╭──

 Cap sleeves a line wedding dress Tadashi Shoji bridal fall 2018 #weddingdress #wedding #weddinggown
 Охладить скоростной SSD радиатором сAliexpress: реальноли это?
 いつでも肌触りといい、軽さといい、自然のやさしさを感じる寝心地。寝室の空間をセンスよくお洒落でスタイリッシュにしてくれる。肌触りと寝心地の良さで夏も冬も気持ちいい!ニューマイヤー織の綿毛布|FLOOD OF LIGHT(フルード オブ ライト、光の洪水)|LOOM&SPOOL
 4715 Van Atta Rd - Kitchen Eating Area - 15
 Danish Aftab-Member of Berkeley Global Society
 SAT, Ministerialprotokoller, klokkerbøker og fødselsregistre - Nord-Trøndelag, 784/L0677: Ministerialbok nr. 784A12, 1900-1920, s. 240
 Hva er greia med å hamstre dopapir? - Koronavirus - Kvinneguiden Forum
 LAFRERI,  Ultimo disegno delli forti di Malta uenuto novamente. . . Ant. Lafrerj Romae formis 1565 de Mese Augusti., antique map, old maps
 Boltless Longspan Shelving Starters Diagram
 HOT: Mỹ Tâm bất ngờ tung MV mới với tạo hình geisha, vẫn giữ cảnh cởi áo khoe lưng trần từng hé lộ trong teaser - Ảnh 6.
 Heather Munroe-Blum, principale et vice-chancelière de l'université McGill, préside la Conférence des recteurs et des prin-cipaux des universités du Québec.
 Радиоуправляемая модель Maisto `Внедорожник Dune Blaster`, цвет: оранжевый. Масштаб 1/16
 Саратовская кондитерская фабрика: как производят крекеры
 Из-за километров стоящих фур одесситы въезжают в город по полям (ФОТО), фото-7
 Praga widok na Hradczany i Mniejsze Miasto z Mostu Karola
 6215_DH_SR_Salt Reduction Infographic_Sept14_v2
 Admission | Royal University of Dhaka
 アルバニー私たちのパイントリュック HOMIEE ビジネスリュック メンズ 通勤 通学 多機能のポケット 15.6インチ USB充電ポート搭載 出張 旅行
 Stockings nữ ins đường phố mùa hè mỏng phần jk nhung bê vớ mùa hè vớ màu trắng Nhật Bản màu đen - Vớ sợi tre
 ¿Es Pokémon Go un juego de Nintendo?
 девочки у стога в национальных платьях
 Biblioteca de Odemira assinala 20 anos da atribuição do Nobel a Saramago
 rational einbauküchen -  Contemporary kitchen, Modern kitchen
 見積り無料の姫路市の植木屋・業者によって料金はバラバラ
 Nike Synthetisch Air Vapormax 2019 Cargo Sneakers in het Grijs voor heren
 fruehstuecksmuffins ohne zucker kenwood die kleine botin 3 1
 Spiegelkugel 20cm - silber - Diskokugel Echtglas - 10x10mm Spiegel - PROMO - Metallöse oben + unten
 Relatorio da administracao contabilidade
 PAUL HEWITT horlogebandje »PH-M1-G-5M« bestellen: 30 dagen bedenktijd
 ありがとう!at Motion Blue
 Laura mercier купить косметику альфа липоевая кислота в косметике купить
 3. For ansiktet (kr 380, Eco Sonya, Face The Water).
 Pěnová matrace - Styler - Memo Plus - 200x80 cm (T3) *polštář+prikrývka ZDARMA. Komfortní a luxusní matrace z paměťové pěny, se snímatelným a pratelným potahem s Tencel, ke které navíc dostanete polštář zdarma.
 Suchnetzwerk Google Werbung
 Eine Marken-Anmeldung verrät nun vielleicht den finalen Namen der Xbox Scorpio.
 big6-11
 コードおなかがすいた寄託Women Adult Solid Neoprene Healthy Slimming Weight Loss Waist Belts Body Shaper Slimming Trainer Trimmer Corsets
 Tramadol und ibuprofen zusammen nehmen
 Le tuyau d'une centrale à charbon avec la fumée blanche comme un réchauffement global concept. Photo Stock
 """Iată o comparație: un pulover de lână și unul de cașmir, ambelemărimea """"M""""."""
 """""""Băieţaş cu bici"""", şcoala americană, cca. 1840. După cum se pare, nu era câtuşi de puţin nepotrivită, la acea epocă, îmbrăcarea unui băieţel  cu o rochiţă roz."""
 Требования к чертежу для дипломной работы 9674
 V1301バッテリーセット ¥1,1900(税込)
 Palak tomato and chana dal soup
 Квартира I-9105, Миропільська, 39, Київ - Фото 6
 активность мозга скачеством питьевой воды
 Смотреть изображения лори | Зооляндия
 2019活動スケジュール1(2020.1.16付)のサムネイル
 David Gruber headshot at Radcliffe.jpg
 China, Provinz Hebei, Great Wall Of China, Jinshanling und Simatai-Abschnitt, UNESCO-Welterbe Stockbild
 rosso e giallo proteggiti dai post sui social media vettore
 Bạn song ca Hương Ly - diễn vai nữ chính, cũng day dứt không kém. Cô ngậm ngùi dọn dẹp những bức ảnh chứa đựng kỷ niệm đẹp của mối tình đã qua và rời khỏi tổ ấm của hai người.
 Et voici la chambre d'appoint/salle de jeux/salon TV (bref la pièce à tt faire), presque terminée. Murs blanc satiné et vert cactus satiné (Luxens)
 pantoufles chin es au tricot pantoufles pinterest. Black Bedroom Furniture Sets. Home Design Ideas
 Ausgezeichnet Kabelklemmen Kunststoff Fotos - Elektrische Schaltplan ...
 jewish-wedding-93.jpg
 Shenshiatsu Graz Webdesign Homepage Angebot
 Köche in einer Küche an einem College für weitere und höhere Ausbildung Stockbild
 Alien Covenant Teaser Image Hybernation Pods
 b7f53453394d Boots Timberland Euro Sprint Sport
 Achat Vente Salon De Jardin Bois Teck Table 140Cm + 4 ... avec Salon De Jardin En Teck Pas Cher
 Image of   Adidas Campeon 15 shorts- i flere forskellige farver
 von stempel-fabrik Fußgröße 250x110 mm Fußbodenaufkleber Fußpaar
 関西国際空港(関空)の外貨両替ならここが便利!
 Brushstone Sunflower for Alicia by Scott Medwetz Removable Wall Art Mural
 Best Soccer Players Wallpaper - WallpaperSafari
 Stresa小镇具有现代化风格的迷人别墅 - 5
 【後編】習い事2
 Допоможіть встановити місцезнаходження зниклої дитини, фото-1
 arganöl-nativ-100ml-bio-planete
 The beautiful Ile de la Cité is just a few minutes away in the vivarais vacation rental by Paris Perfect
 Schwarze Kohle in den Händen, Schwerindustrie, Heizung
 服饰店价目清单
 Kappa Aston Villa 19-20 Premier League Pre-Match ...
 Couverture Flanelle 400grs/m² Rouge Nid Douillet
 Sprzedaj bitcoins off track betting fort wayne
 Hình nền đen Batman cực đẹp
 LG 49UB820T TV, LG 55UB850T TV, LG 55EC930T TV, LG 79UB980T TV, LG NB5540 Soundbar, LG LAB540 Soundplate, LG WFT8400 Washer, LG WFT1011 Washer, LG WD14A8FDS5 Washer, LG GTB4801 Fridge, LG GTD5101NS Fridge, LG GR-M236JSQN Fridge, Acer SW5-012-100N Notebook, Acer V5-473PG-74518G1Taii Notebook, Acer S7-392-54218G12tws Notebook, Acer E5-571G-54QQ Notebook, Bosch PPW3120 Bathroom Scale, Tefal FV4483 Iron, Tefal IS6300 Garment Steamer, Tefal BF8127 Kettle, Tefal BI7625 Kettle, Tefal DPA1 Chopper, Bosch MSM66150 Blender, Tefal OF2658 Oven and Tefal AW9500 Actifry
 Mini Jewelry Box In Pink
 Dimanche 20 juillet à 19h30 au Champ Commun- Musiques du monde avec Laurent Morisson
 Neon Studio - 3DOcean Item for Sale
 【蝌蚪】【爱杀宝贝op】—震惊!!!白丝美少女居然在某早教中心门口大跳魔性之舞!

╰──

▶ **WORK INSTRUCTION**:
From the first entry above to the last, repeat everything exactly.

▶ **RESPONSE TO THIS TASK**:
 Cap sleeves a line wedding dress Tadashi Shoji bridal fall 2018 #weddingdress #wedding #weddinggown
 Охладить скоростной SSD радиатором сAliexpress: реальноли это?
 いつでも肌触りといい、軽さといい、自然のやさしさを感じる寝心地。寝室の空間をセンスよくお洒落でスタイリッシュにしてくれる。肌触りと寝心地の良さで夏も冬も気持ちいい!ニューマイヤー織の綿毛布|FLOOD OF LIGHT(フルード オブ ライト、光の洪水)|LOOM&SPOOL
 4715 Van Atta Rd - Kitchen Eating Area - 15
 Danish Aftab-Member of Berkeley Global Society
 SAT, Ministerialprotokoller, klokkerbøker og fødselsregistre - Nord-Trøndelag, 784/L0677: Ministerialbok nr. 784A12, 1900-1920, s. 240
 Hva er greia med å hamstre dopapir? - Koronavirus - Kvinneguiden Forum
 LAFRERI,  Ultimo disegno delli forti di Malta uenuto novamente. . . Ant. Lafrerj Romae formis 1565 de Mese Augusti., antique map, old maps
 Boltless Longspan Shelving Starters Diagram
 HOT: Mỹ Tâm bất ngờ tung MV mới với tạo hình geisha, vẫn giữ cảnh cởi áo khoe lưng trần từng hé lộ trong teaser - Ảnh 6.
 Heather Munroe-Blum, principale et vice-chancelière de l'université McGill, préside la Conférence des recteurs et des prin-cipaux des universités du Québec.
 Радиоуправляемая модель Maisto `Внедорожник Dune Blaster`, цвет: оранжевый. Масштаб 1/16
 Саратовская кондитерская фабрика: как производят крекеры
 Из-за километров стоящих фур одесситы въезжают в город по полям (ФОТО), фото-7
 Praga widok na Hradczany i Mniejsze Miasto z Mostu Karola
 6215_DH_SR_Salt Reduction Infographic_Sept14_v2
 Admission | Royal University of Dhaka
 アルバニー私たちのパイントリュック HOMIEE ビジネスリュック メンズ 通勤 通学 多機能のポケット 15.6インチ USB充電ポート搭載 出張 旅行
 Stockings nữ ins đường phố mùa hè mỏng phần jk nhung bê vớ mùa hè vớ màu trắng Nhật Bản màu đen - Vớ sợi tre
 ¿Es Pokémon Go un juego de Nintendo?
 девочки у стога в национальных платьях
 Biblioteca de Odemira assinala 20 anos da atribuição do Nobel a Saramago
 rational einbauküchen -  Contemporary kitchen, Modern kitchen
 見積り無料の姫路市の植木屋・業者によって料金はバラバラ
 Nike Synthetisch Air Vapormax 2019 Cargo Sneakers in het Grijs voor heren
 fruehstuecksmuffins ohne zucker kenwood die kleine botin 3 1
 Spiegelkugel 20cm - silber - Diskokugel Echtglas - 10x10mm Spiegel - PROMO - Metallöse oben + unten
 Relatorio da administracao contabilidade
 PAUL HEWITT horlogebandje »PH-M1-G-5M« bestellen: 30 dagen bedenktijd
 ありがとう!at Motion Blue
 Laura mercier купить косметику альфа липоевая кислота в косметике купить
 3. For ansiktet (kr 380, Eco Sonya, Face The Water).
 Pěnová matrace - Styler - Memo Plus - 200x80 cm (T3) *polštář+prikrývka ZDARMA. Komfortní a luxusní matrace z paměťové pěny, se snímatelným a pratelným potahem s Tencel, ke které navíc dostanete polštář zdarma.
 Suchnetzwerk Google Werbung
 Eine Marken-Anmeldung verrät nun vielleicht den finalen Namen der Xbox Scorpio.
 big6-11
 コードおなかがすいた寄託Women Adult Solid Neoprene Healthy Slimming Weight Loss Waist Belts Body Shaper Slimming Trainer Trimmer Corsets
 Tramadol und ibuprofen zusammen nehmen
 Le tuyau d'une centrale à charbon avec la fumée blanche comme un réchauffement global concept. Photo Stock
 """Iată o comparație: un pulover de lână și unul de cașmir, ambelemărimea """"M""""."""
 """""""Băieţaş cu bici"""", şcoala americană, cca. 1840. După cum se pare, nu era câtuşi de puţin nepotrivită, la acea epocă, îmbrăcarea unui băieţel  cu o rochiţă roz."""
 Требования к чертежу для дипломной работы 9674
 V1301バッテリーセット ¥1,1900(税込)
 Palak tomato and chana dal soup
 Квартира I-9105, Миропільська, 39, Київ - Фото 6
 активность мозга скачеством питьевой воды
 Смотреть изображения лори | Зооляндия
 2019活動スケジュール1(2020.1.16付)のサムネイル
 David Gruber headshot at Radcliffe.jpg
 China, Provinz Hebei, Great Wall Of China, Jinshanling und Simatai-Abschnitt, UNESCO-Welterbe Stockbild
 rosso e giallo proteggiti dai post sui social media vettore
 Bạn song ca Hương Ly - diễn vai nữ chính, cũng day dứt không kém. Cô ngậm ngùi dọn dẹp những bức ảnh chứa đựng kỷ niệm đẹp của mối tình đã qua và rời khỏi tổ ấm của hai người.
 Et voici la chambre d'appoint/salle de jeux/salon TV (bref la pièce à tt faire), presque terminée. Murs blanc satiné et vert cactus satiné (Luxens)
 pantoufles chin es au tricot pantoufles pinterest. Black Bedroom Furniture Sets. Home Design Ideas
 Ausgezeichnet Kabelklemmen Kunststoff Fotos - Elektrische Schaltplan ...
 jewish-wedding-93.jpg
 Shenshiatsu Graz Webdesign Homepage Angebot
 Köche in einer Küche an einem College für weitere und höhere Ausbildung Stockbild
 Alien Covenant Teaser Image Hybernation Pods
 b7f53453394d Boots Timberland Euro Sprint Sport
 Achat Vente Salon De Jardin Bois Teck Table 140Cm + 4 ... avec Salon De Jardin En Teck Pas Cher
 Image of   Adidas Campeon 15 shorts- i flere forskellige farver
 von stempel-fabrik Fußgröße 250x110 mm Fußbodenaufkleber Fußpaar
 関西国際空港(関空)の外貨両替ならここが便利!
 Brushstone Sunflower for Alicia by Scott Medwetz Removable Wall Art Mural
 Best Soccer Players Wallpaper - WallpaperSafari
 Stresa小镇具有现代化风格的迷人别墅 - 5
 【後編】習い事2
 Допоможіть встановити місцезнаходження зниклої дитини, фото-1
 arganöl-nativ-100ml-bio-planete
 The beautiful Ile de la Cité is just a few minutes away in the vivarais vacation rental by Paris Perfect
 Schwarze Kohle in den Händen, Schwerindustrie, Heizung
 服饰店价目清单
 Kappa Aston Villa 19-20 Premier League Pre-Match ...
 Couverture Flanelle 400grs/m² Rouge Nid Douillet
 Sprzedaj bitcoins off track betting fort wayne
 Hình nền đen Batman cực đẹp
 LG 49UB820T TV, LG 55UB850T TV, LG 55EC930T TV, LG 79UB980T TV, LG NB5540 Soundbar, LG LAB540 Soundplate, LG WFT8400 Washer, LG WFT1011 Washer, LG WD14A8FDS5 Washer, LG GTB4801 Fridge, LG GTD5101NS Fridge, LG GR-M236JSQN Fridge, Acer SW5-012-100N Notebook, Acer V5-473PG-74518G1Taii Notebook, Acer S7-392-54218G12tws Notebook, Acer E5-571G-54QQ Notebook, Bosch PPW3120 Bathroom Scale, Tefal FV4483 Iron, Tefal IS6300 Garment Steamer, Tefal BF8127 Kettle, Tefal BI7625 Kettle, Tefal DPA1 Chopper, Bosch MSM66150 Blender, Tefal OF2658 Oven and Tefal AW9500 Actifry
 Mini Jewelry Box In Pink
 Dimanche 20 juillet à 19h30 au Champ Commun- Musiques du monde avec Laurent Morisson
 Neon Studio - 3DOcean Item for Sale
 【蝌蚪】【爱杀宝贝op】—震惊!!!白丝美少女居然在某早教中心门口大跳魔性之舞!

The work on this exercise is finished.